**What is being asked**
Please restate the data below word for word, omitting all images.

[Stored data]

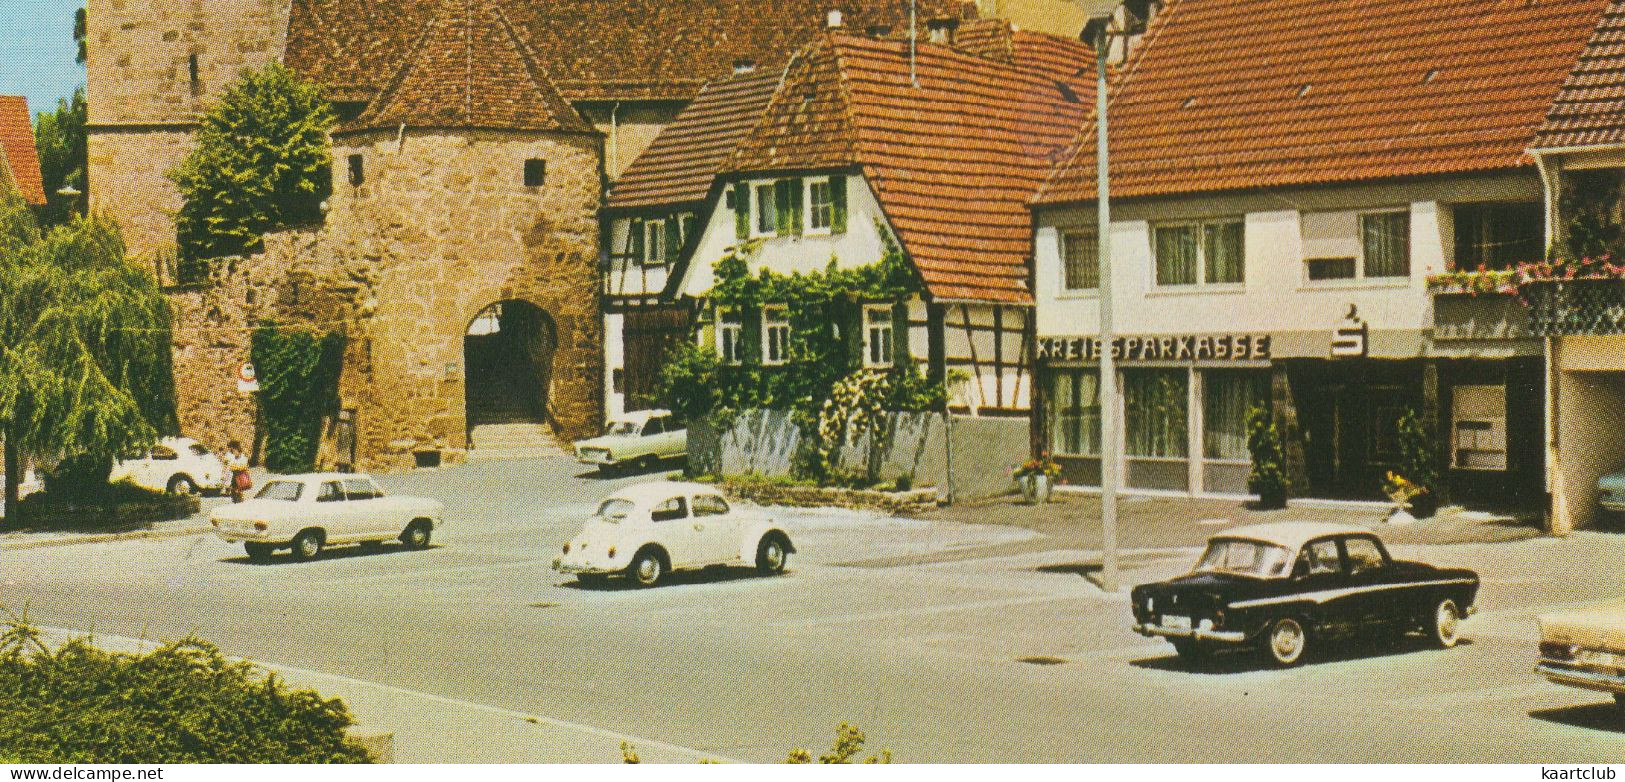 Beutelsbach: SIMCA ARONDE MONACO, VW 1200 KÄFER/COX, OPEL KADETT-B, DKW JUNIOR - Ev. Kirche - (Deutschland) - Turismo
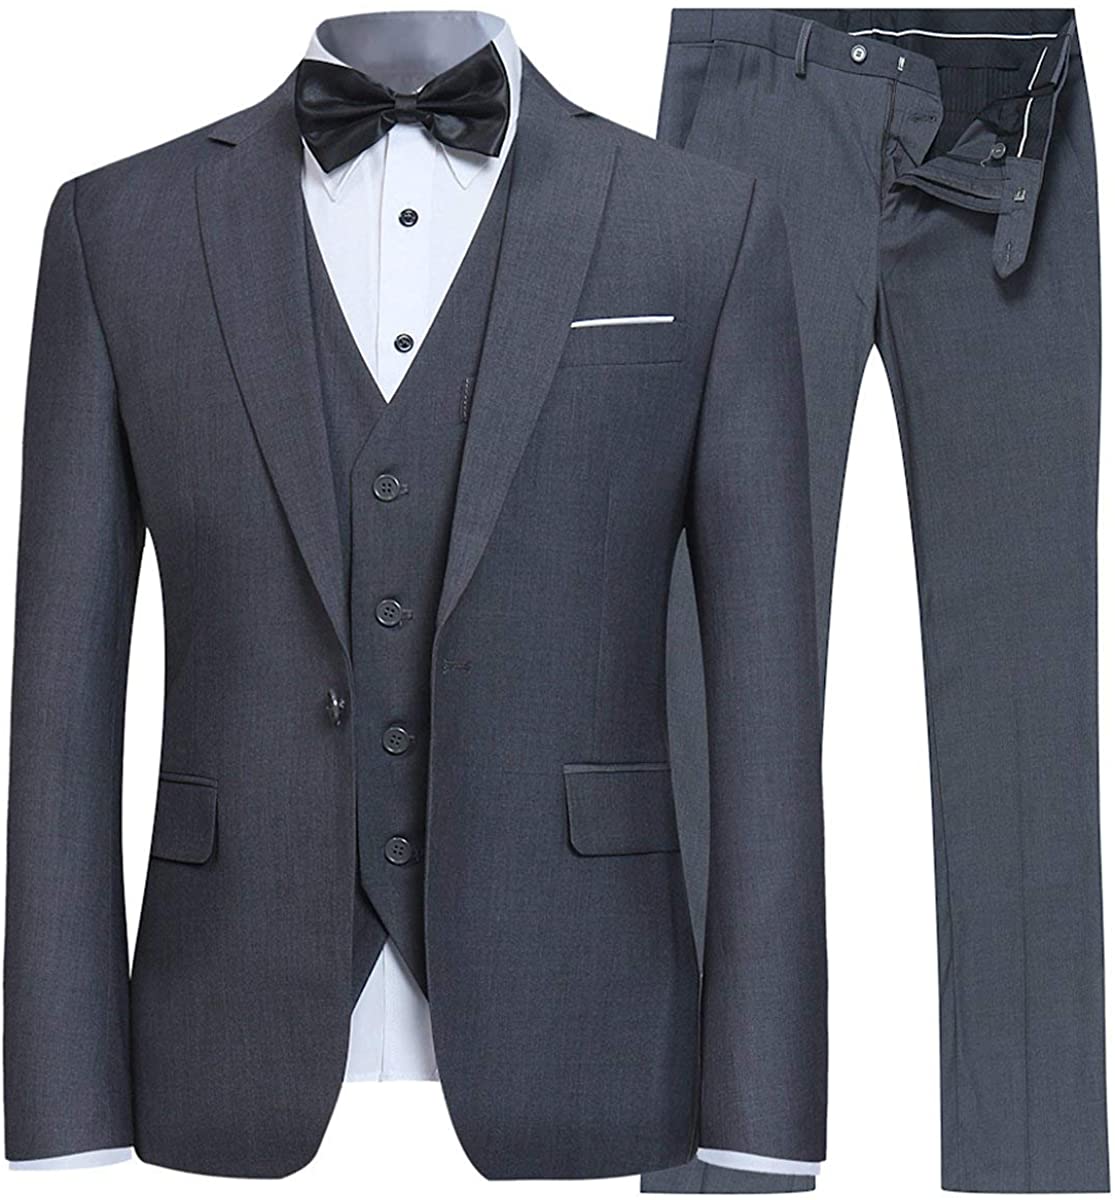 Men's slim business suit - Funmall
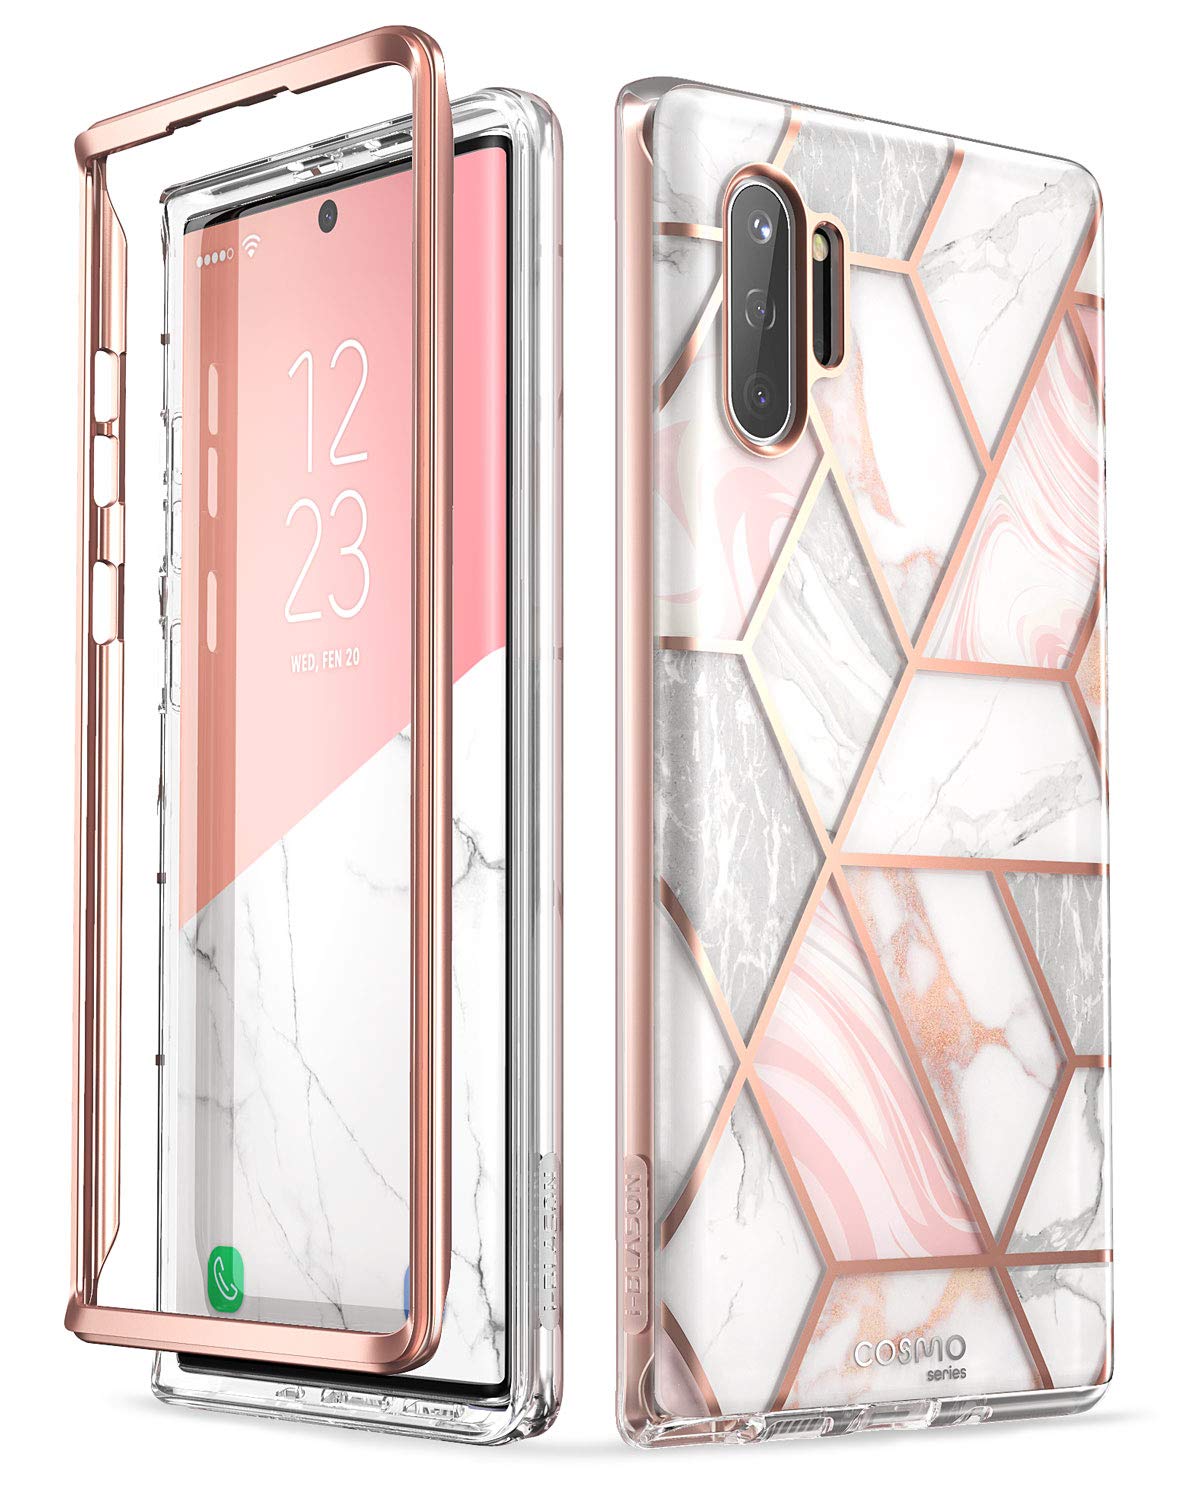 Gepanzerte Schutzhülle Supcase i-Blason Cosmo für Galaxy Note 10 Plus, rosa.
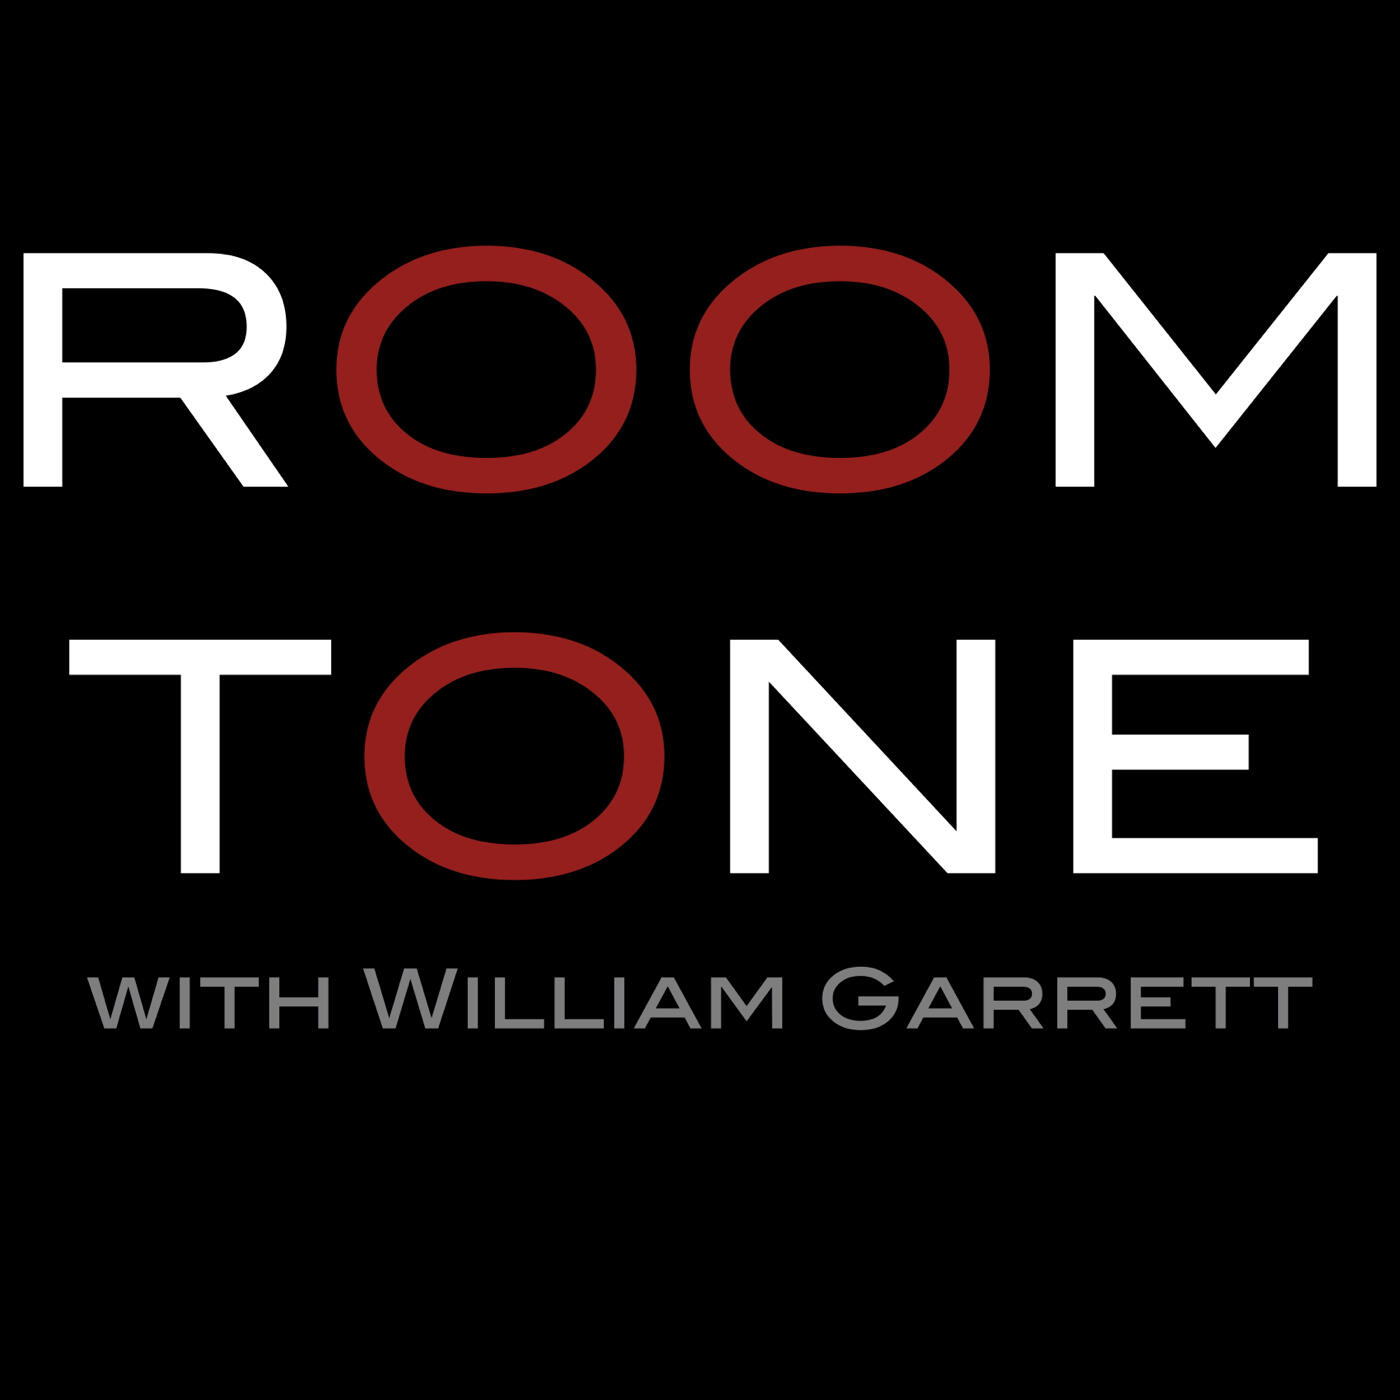 Room tone
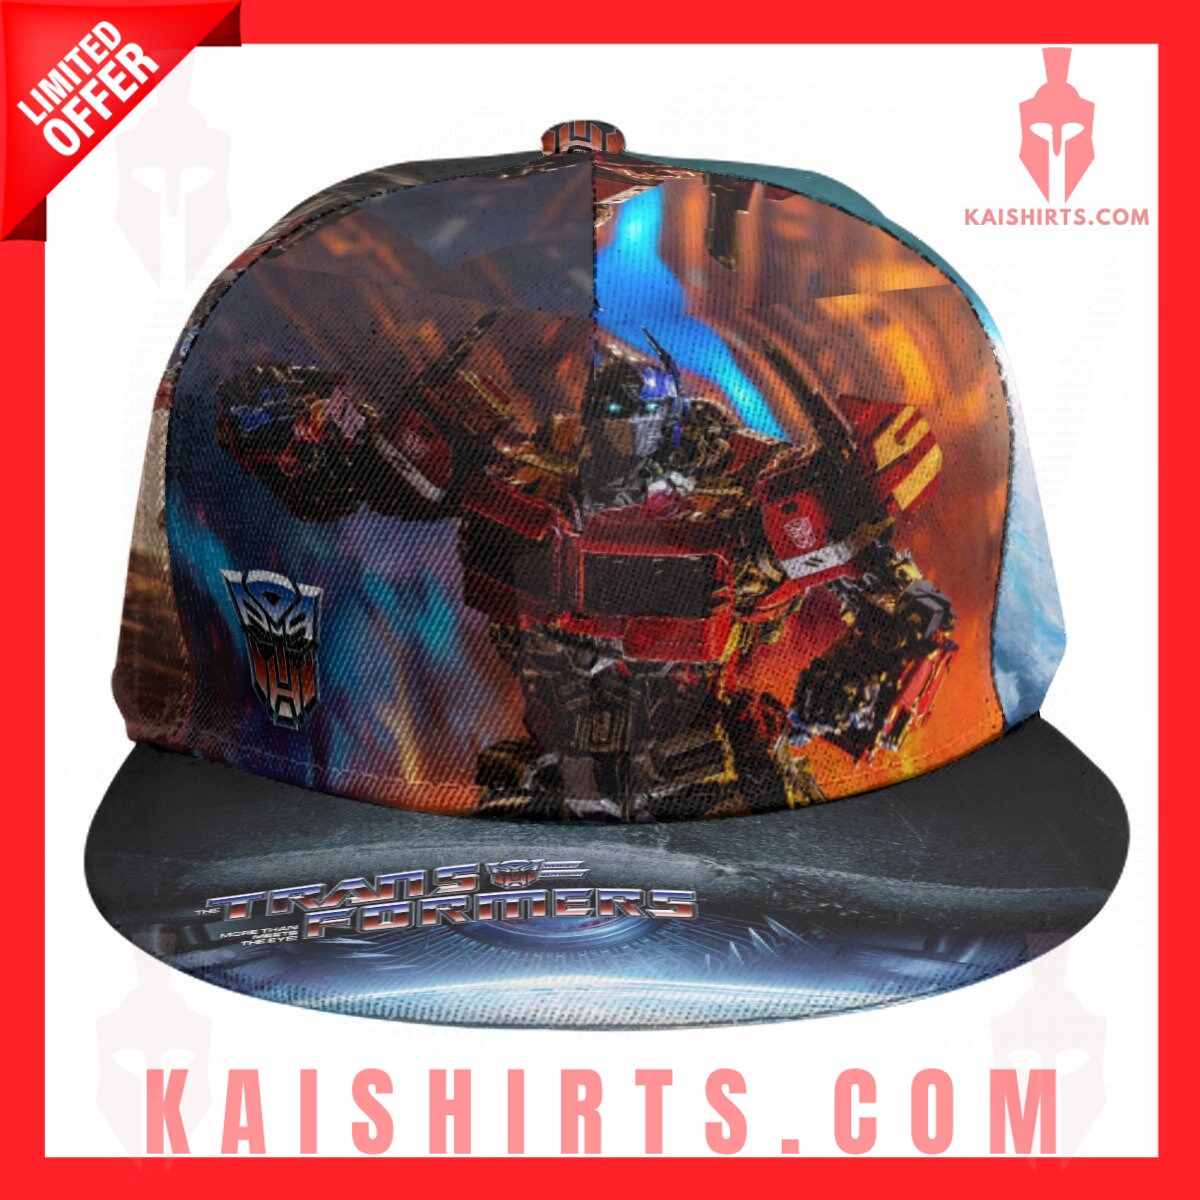 Optimus Prime Baseball Cap's Product Pictures - Kaishirts.com

**Task result**
 Beutelsbach: SIMCA ARONDE MONACO, VW 1200 KÄFER/COX, OPEL KADETT-B, DKW JUNIOR - Ev. Kirche - (Deutschland) - Turismo
 Men's slim business suit - Funmall
 Gepanzerte Schutzhülle Supcase i-Blason Cosmo für Galaxy Note 10 Plus, rosa.
 Room tone
 Optimus Prime Baseball Cap's Product Pictures - Kaishirts.com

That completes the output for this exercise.